• What needs to be done
Below is a listing to repeat exactly, with its pictures left out.
*** Opening Available data ***
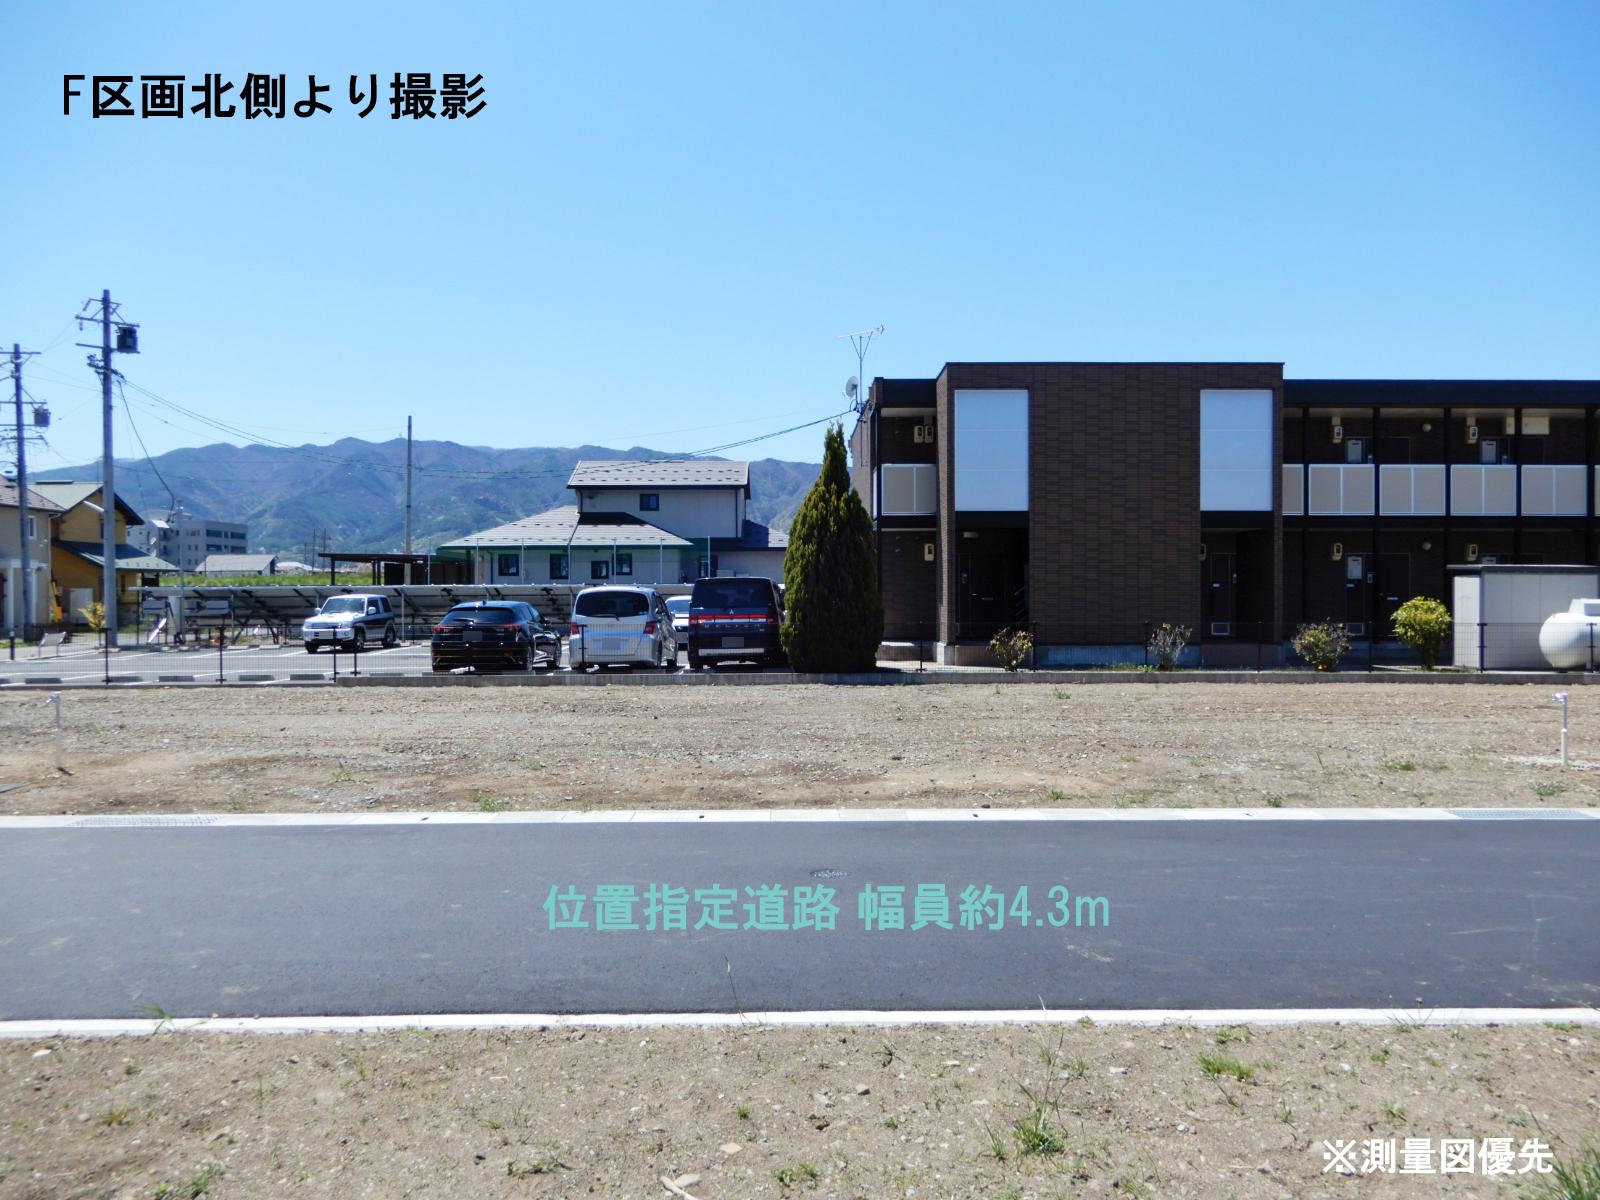 諏訪市上川二丁目 F区画_アイキャッチ画像
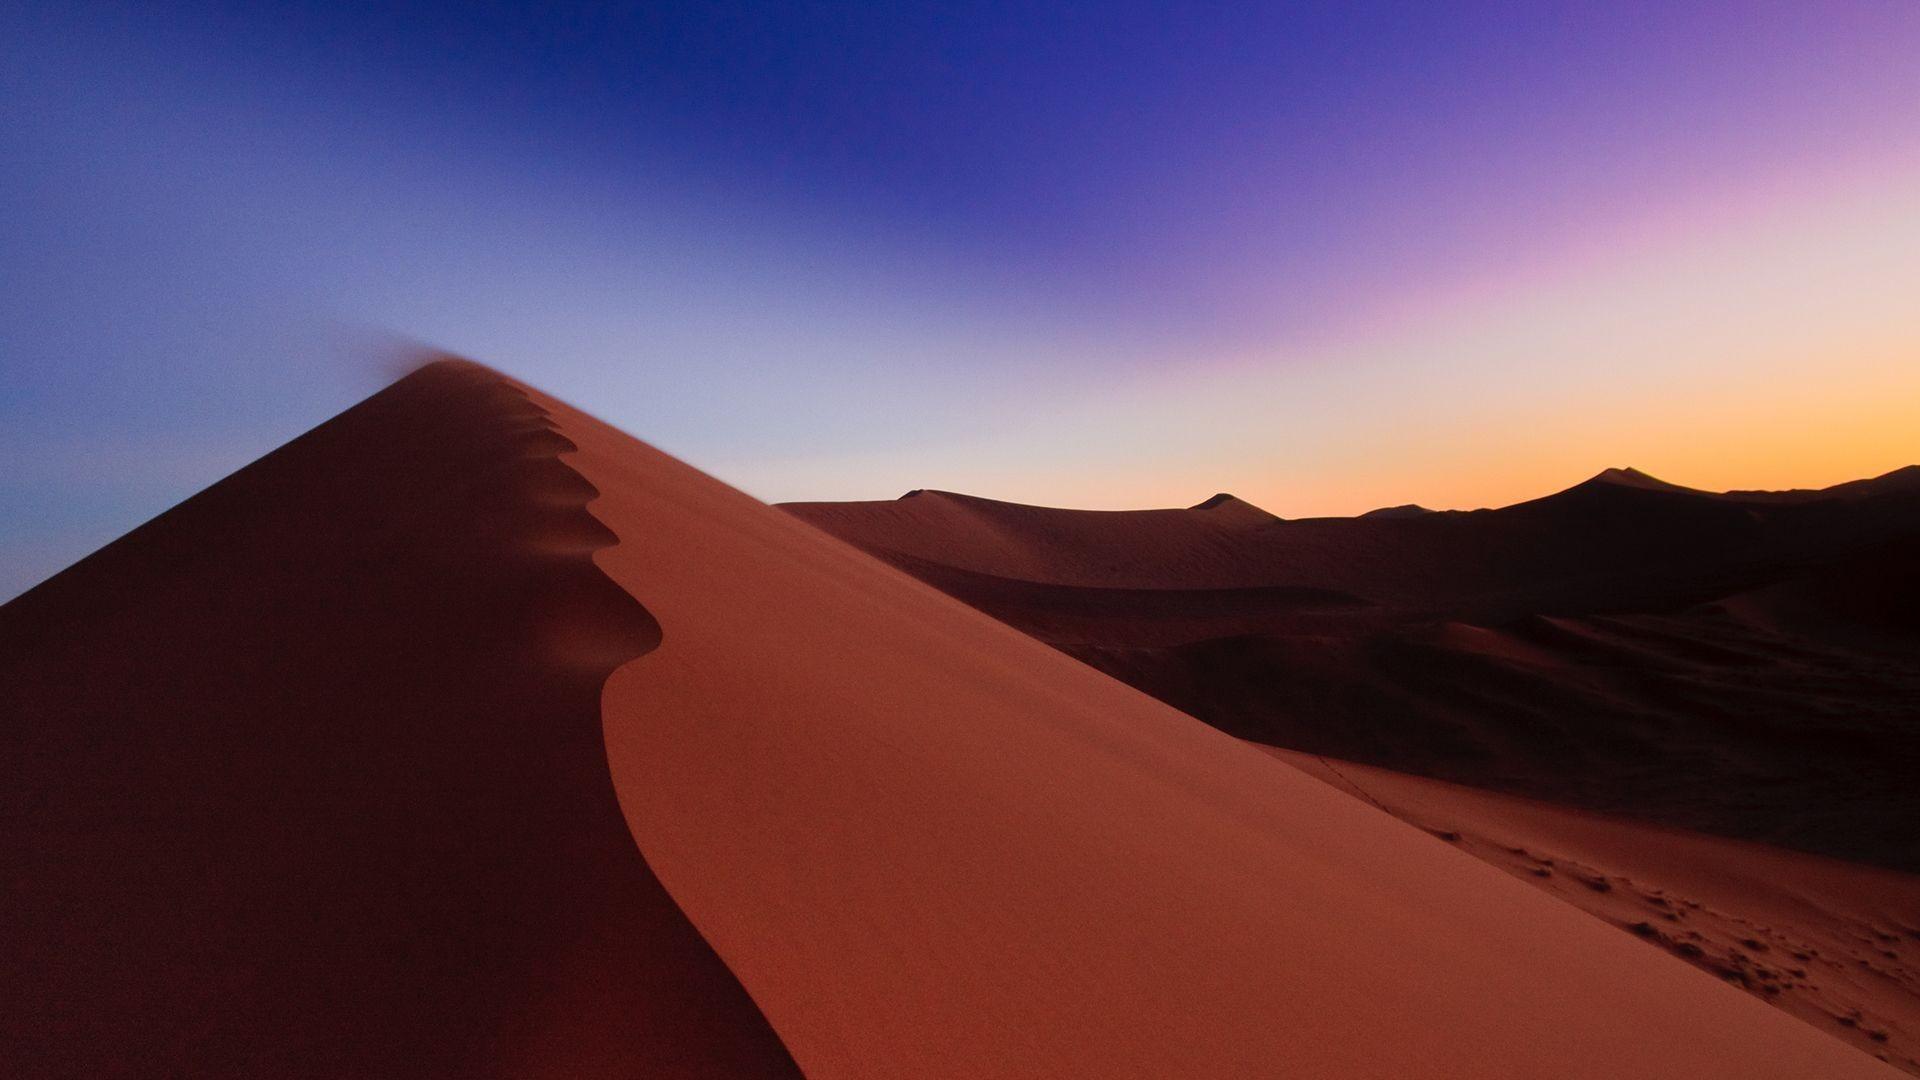 dune - photo #50
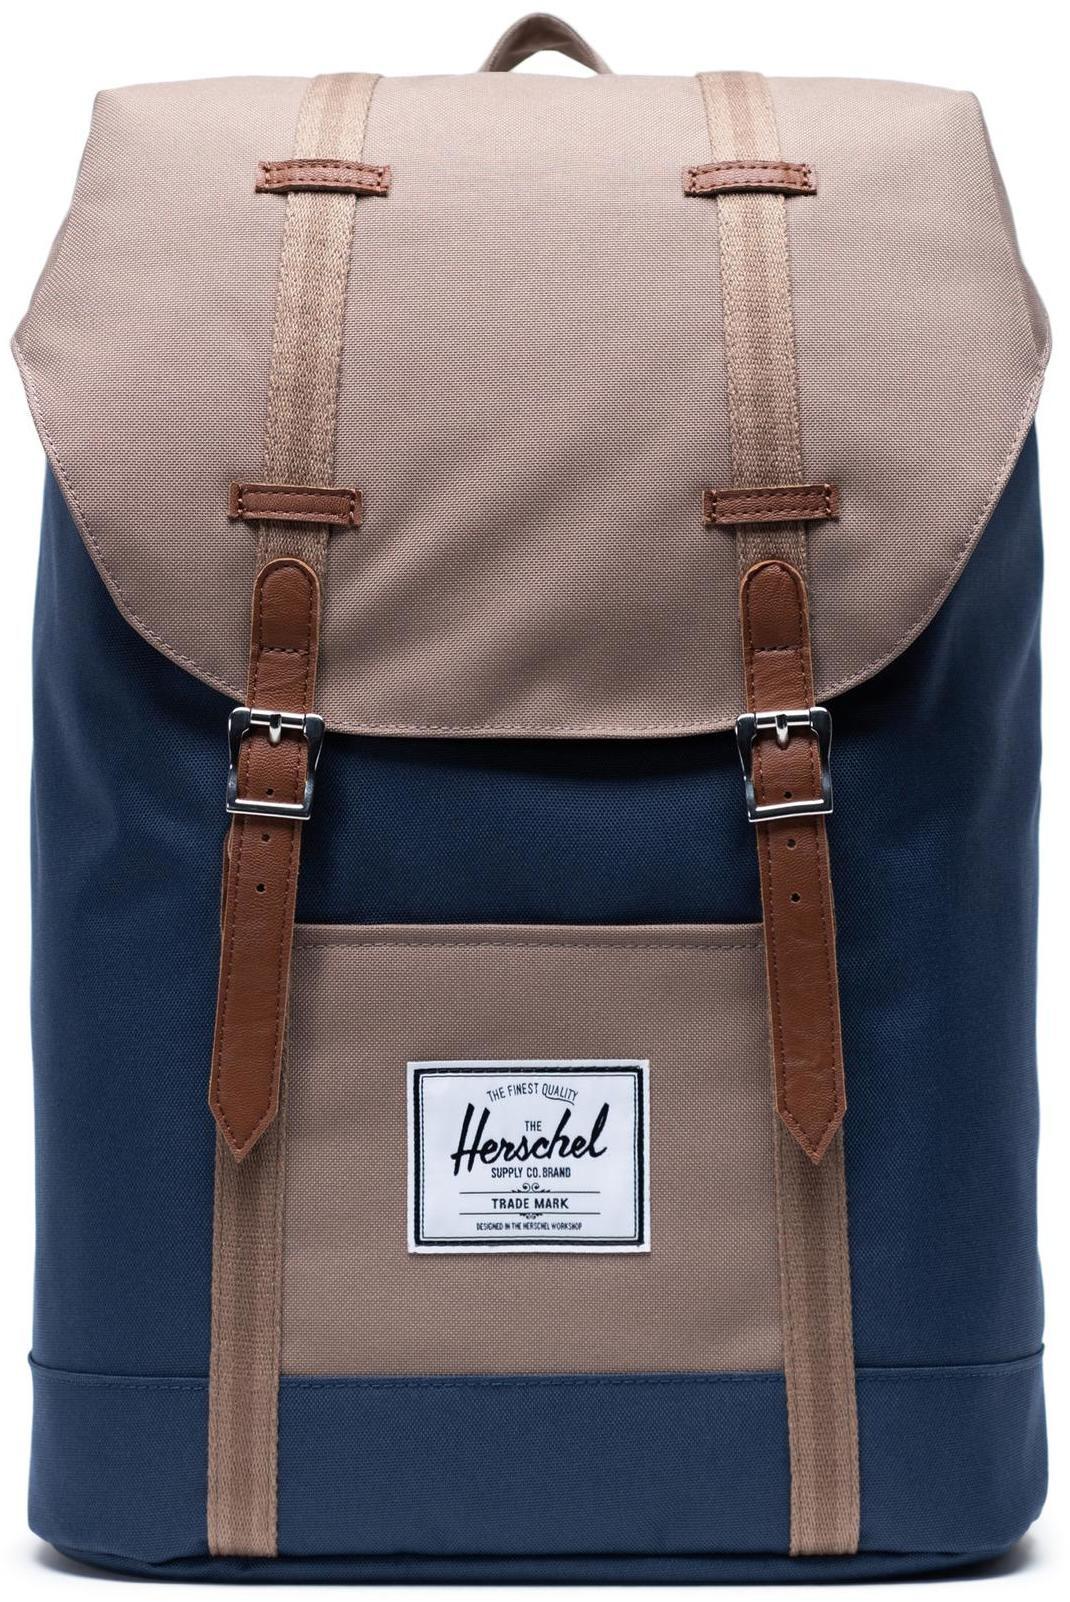 Herschel Retreat Backpack 19,5l, navy/pine bark/tan (2019)   Rygsæk og rejsetasker
*** Closing Available data ***
• Exercise output
 諏訪市上川二丁目 F区画_アイキャッチ画像
 dune - photo #50
 Herschel Retreat Backpack 19,5l, navy/pine bark/tan (2019)   Rygsæk og rejsetasker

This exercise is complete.